Brazil, the largest country in Latin America, is approaching regulating cryptocurrencies with its own legal version of Bitcoin.
Large companies hope that the framework will make Brazil the forefront in the region, attracting capital and clients abroad.
On April 26, the Brazilian Senate passed the country’s first bill regulating cryptocurrencies. This project defines what a virtual asset is and sets the stage for a broader regulatory circumference. This will also provide basic rules for everyday use and stricter penalties for fraud and deception, which have increased significantly over the past few years in unregulated spaces.
Virtual assets are a broader category that includes cryptocurrencies like Bitcoin and other digital assets, such as tokens. The bill would also allow the executive branch to create a new body to oversee crypto, delegate oversight to the central bank or the current financial market regulator, CVM.
The approval of the bill was welcomed by the country’s leading player, Mercado Bitcoin.
“Virtual asset regulation is important and vital,” Julien Dutra, director of government affairs at the company, told LendIt Fintech. “It can ensure a healthy market, with security for entrepreneurs and protection for consumers.”
Record capital flows
The decision to create a foundation for the nascent industry came because the company pulled a record capital flow last year: venture funding for Latin American crypto companies increased tenfold in 2021 to $ 650 million from $ 68 million. Although it still represents a small portion of the larger fintech investment, crypto is quickly gaining weight.
With by far the largest recipient of venture capital funds, Brazil is also home to the first cryptocurrency unicorn company in Latin America.
The Bitcoin market exceeded its $ 1 billion value threshold last year when it raised $ 250 million from a series of investor rounds that had Softbank as a major investor. The Japanese conglomerate, which manages two important venture capital funds in Latin America, has invested about $ 200 million in the company.
Mercado Bitcoin is a major regional crypto exchange that saw business grow 530% last year to trade about 40 billion reais in crypto over the previous year.
Regulators scramble to find out
The decision from the Brazilian legislature came as countries around the world struggle to figure out the best way to tackle a fast-growing industry. While many experts believe that regulation can contribute more investors and client certainty because it will eliminate fraudsters from legitimate businesses. Some argue that a framework done in a hurry and with little interaction can do more harm than good.
“In some countries, attempts to enforce regulations end up directly damaging the operations of many companies,” said Manuel Beaudroit, CEO at Belo. It is important, he said, that crypto companies can effectively navigate through these regulations.

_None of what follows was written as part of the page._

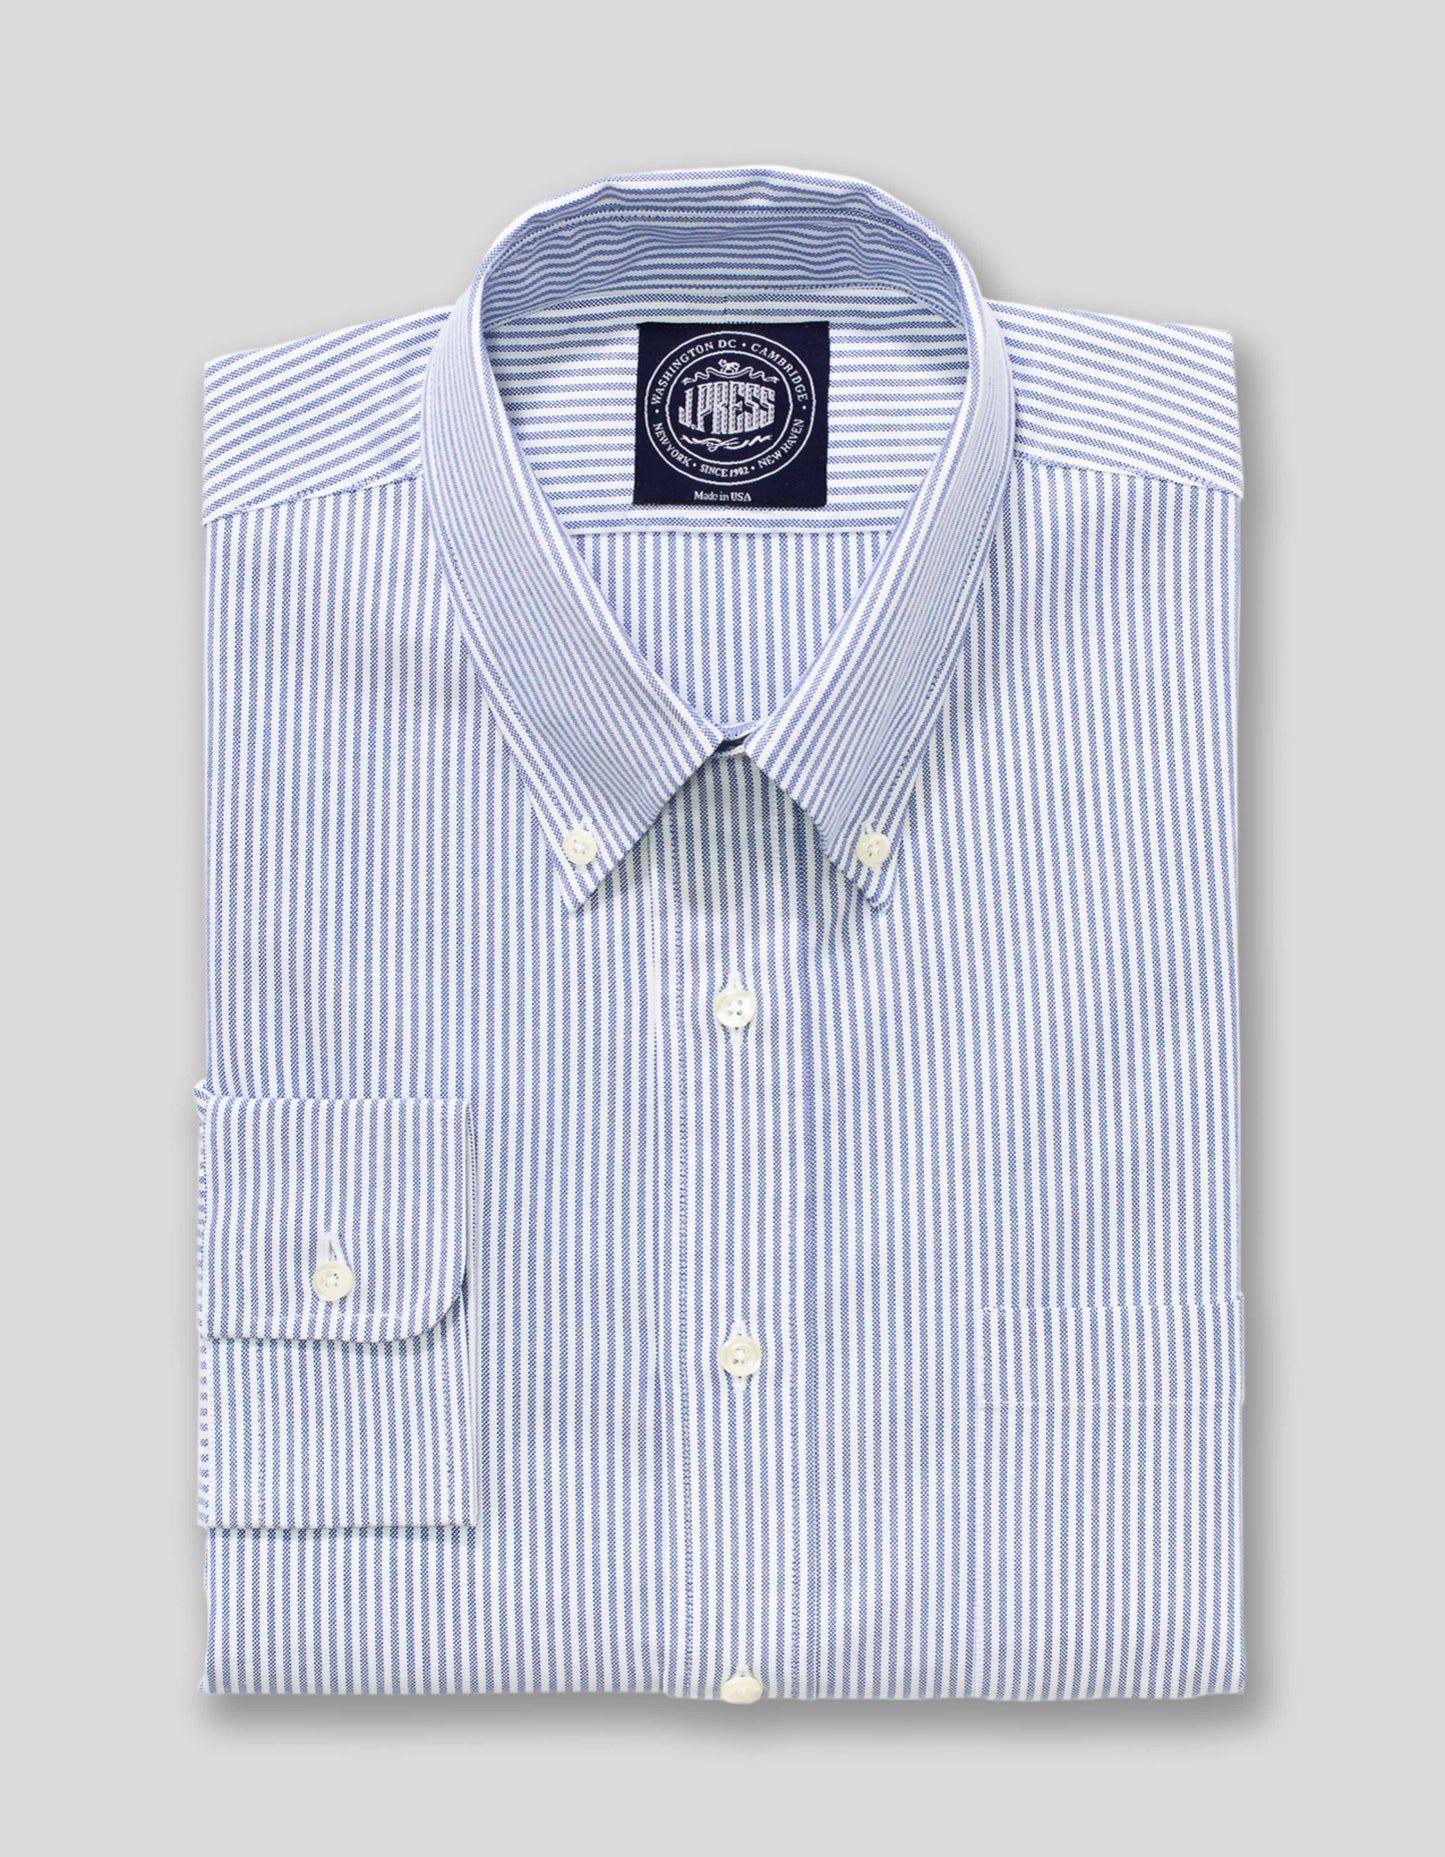 BLUE/WHITE OXFORD DRESS SHIRT - TRIM FIT

To prevent fraud, law projects in Brazil demand that the crypto sector monitor clients (KYC, to “know your clients”) and transactions (KYT, to “know your transactions”) as standard financial crime procedures faced by banks.
Dutra stressed that such controls could be “essential” to prevent fraud if extended to all sectors.
“Brazil has implemented best market practices with independent regulation,” he said.
“The (new) regulations do not limit technology but aim to strengthen best practices and update traditional financial system legislation and criminal codes so that there is a policy against illegal activities using digital assets,” he said.
There is no date to vote
The framework for developing the industry is due to cryptocurrencies rapidly entering the mainstream in Latin America. Chainalysis, an intelligence company, estimates that the use of cryptocurrency on LatAm increased 880% from June 2020 to June 2021. According to Ventara, the research firm, salaries and payments made through cryptocurrency increased 10% monthly.
To become law, a bill approved in the Senate now must be ratified by the Lower House in Congress, only then submitted for signature by President Jair Bolsonaro.
There is no exact date for the voting session so far. But the largest cryptocurrency company in Brazil is desperate for that to happen.
“If done well, the regulation goes far from the limits,” Mercado Bitcoin’s Dutra said. “This attracts investors, stimulates innovation, and strengthens Brazil’s position in the new digital economy.”